Bluffton's baseball team was on the bus that crashed. The ruling means that as much as $21 million more in insurance money will be available to pay claims.
Gene Blythe / AP
COLUMBUS -- Nearly four years after a bus crash injured dozens and killed seven people -- including five members of the Bluffton University baseball team -- the Supreme Court of Ohio has opened the door for civil litigation to proceed.
In a 5-2 decision released Tuesday, the Supreme Court ruled that the university's insurance policies extend coverage to those affected by the March 2, 2007, crash on a Georgia highway.

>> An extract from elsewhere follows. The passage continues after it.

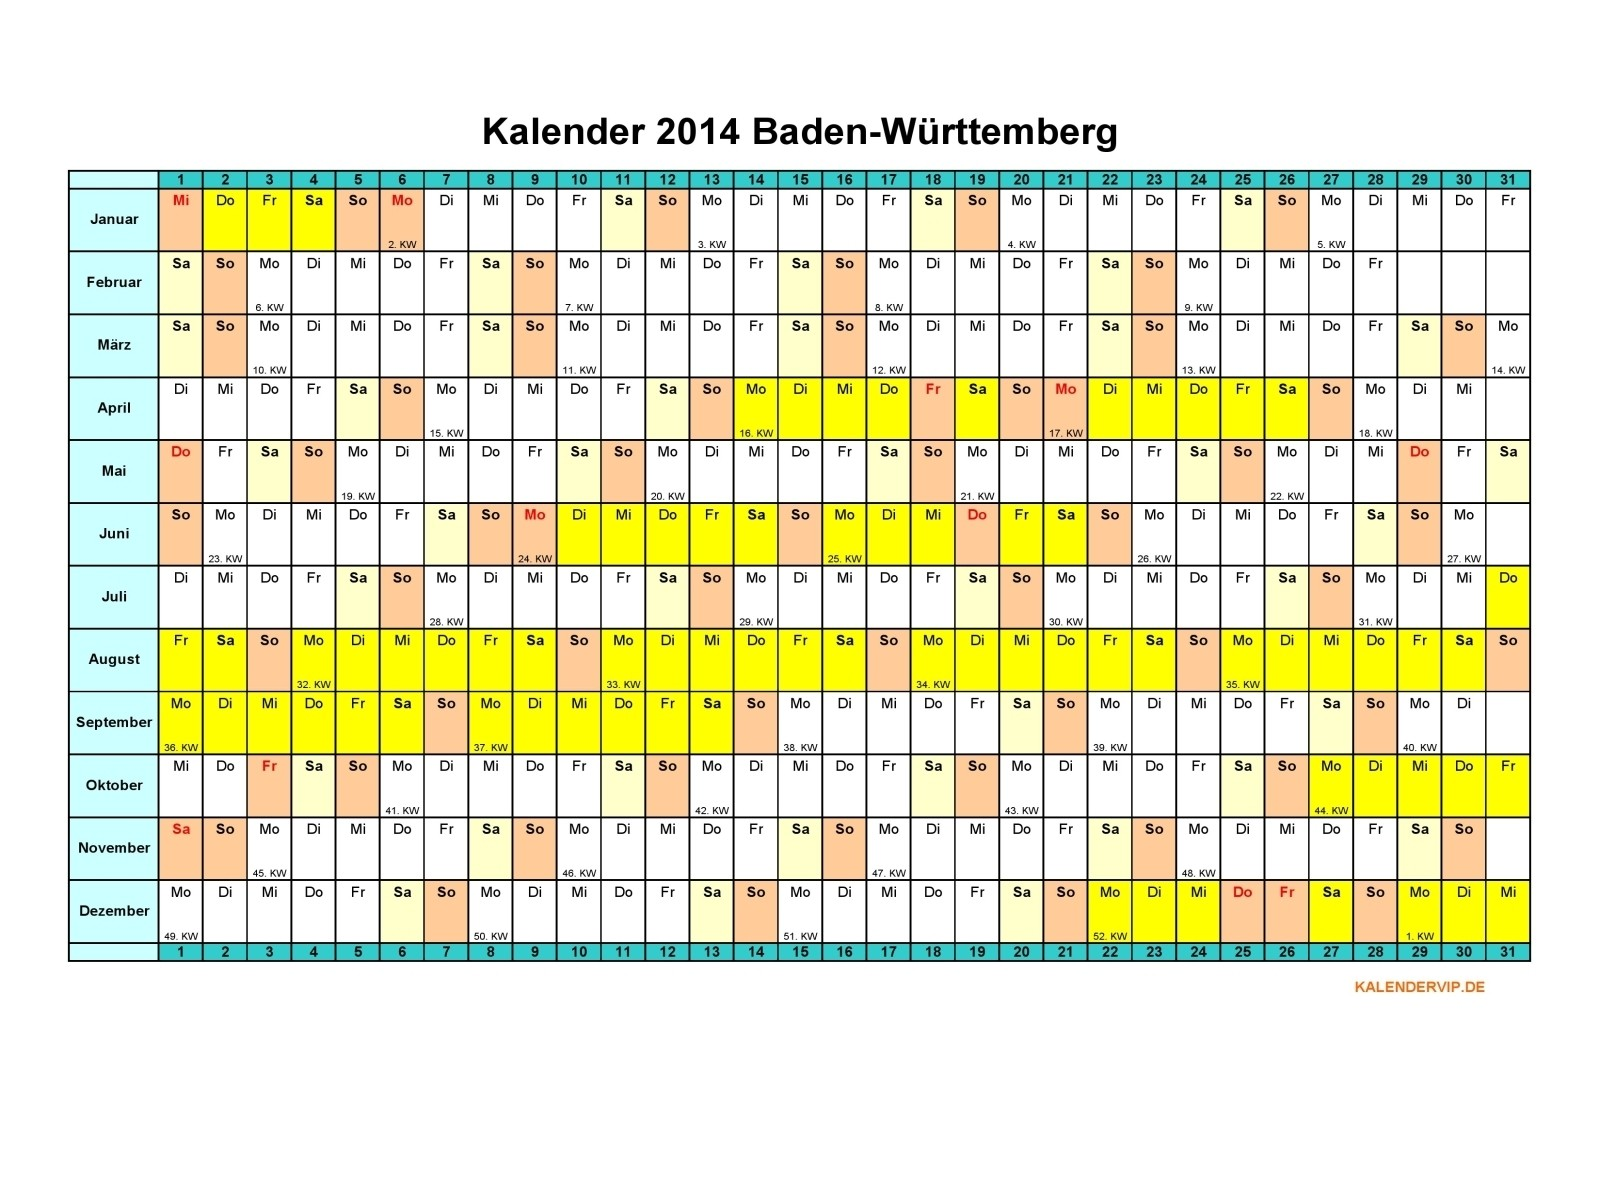 kalender 2014 baden wuerttemberg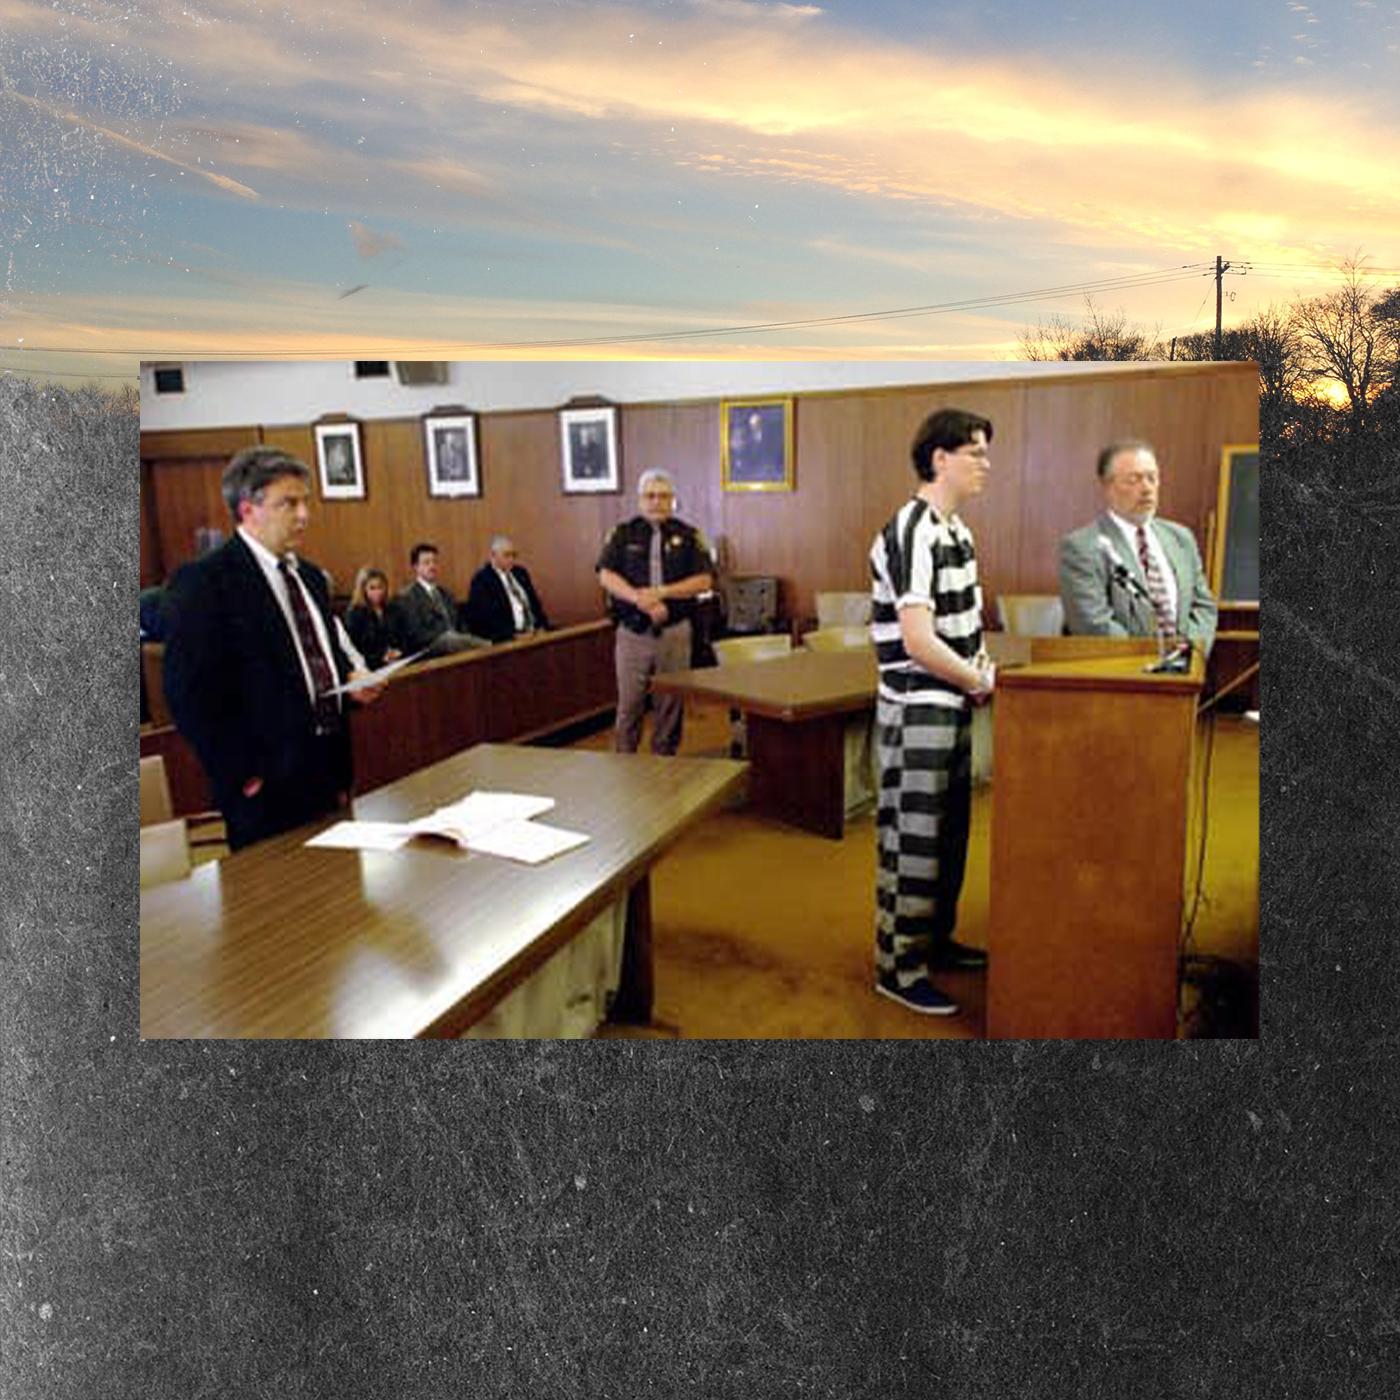 Seth Privacky in court

The ruling means that as much as $21 million more in insurance money will be available to pay claims.
"It means that those who have suffered injuries are now entitled to move forward," said Toledo lawyer Steven R. Smith, who argued the case on behalf of the estate of David Betts. "This means the money would be available."
The issue argued before the Supreme Court in September was whether Bluffton University "hired" the bus when it contracted with Ottawa-based Executive Coach Luxury Travel, and whether the team's coach gave "permission" to use a company driver to get the team to and from a Sarasota, Fla., tournament.
Previously, the Allen County Common Pleas Court and the 3rd District Court of Appeals in Lima disagreed that the university's insurance companies were responsible for paying the claims. Tuesday, in a seven-page opinion written by Justice Paul Pfeifer, the high court reversed that decision.
"The [insurance companies] contend that they never intended to provide coverage for someone like [driver Jerome] Niemeyer, whom they consider an unforeseen third party. We consider this contention disingenuous," the justice wrote. " … We are not persuaded by the contention that the driver of a bus that Bluffton rented from a company in the business of renting buses is an unforeseen third party, when a clause in the insurance policy covers 'anyone else' driving a hired auto."
According to attorneys representing those affected by the crash, the Supreme Court applied the "plain, ordinary meaning" of the words "hire" and "permission" when reading the contracts signed between the insurance companies and the university. That interpretation means that families can access money from both the insurers of the bus company and the university's insurance companies as well.
Bluffton University, which was not a party in the case, declined to comment on the ruling.
"What this decision means is that there's an additional pool of money that's been made available to the victims of this crash," said James Yavorcik, a Toledo lawyer who represents injured player Tim Berta. "The decision is significant because it stands up for the principle that the terms in an insurance policy should be given their common meaning. That's important for all of us."
Mr. Yavorcik said his client declined to comment on the ruling.
Five university ballplayers were killed when the bus driver apparently mistook an I-75 exit ramp near Atlanta for the continuation of a high-occupancy vehicle lane early on that March morning.
The bus exited the highway at an estimated 65 miles per hour, crossed a street intersection at the top of the ramp, struck a barrier on the far side, flipped over the barrier, and landed 19 feet below back on the highway.
In addition to Mr. Betts, Bluffton students Tyler Williams and Scott Harmon of Lima, and Cody Holp of Arcanum, were pronounced dead at the scene. Also killed were Mr. Niemeyer, the bus driver, and his wife, Jean, of Columbus Grove. Zachary Arend of Oakwood died a week later.
Twenty-eight other players and team staff members were injured, seven of them seriously. Several lawsuits have been filed in Georgia, where the crash occurred, but were put on hold pending outcome of the Ohio case.
Mr. Smith said that the insurance companies can ask the Supreme Court to reconsider its decision.
Gary Nicholson of Galla- gher Sharp in Cleveland, which represents one of the supplemental policy holders, Federal Insurance Co., said that the ruling is under review and would not comment further.
In March, 2009, the state of Georgia paid $3 million, the maximum legal settlement, to the crash victims. State tort law limits the state's liability to $3 million per occurrence, no matter how many people were hurt, according to transportation officials.
John Betts, the father of David, said Tuesday that civil litigation was just one of the routes that his family has traveled down since March, 2007.
While recognizing the importance of the Supreme Court's decision, Mr. Betts said it is the other avenue -- one involving changes in laws governing motor-coach safety -- about which his family is more passionate.
The Betts family members are among those nationally who are championing legislation that would require safety belts in buses, as well as mandate stronger roofs and less glass. It is this law that is in the works, one that Mr. Betts said will help make more sense of the tragedy.
"You just continue to push on. If you look at the fuel for the fire, it becomes rather obvious. And the fuel for the fire started when I had to identify my son at a morgue in Atlanta. That's fairly powerful," he said.
"…We always knew there was a legal route and a legislative route," he added. "We're much more passionate and much more interested in the legislative route."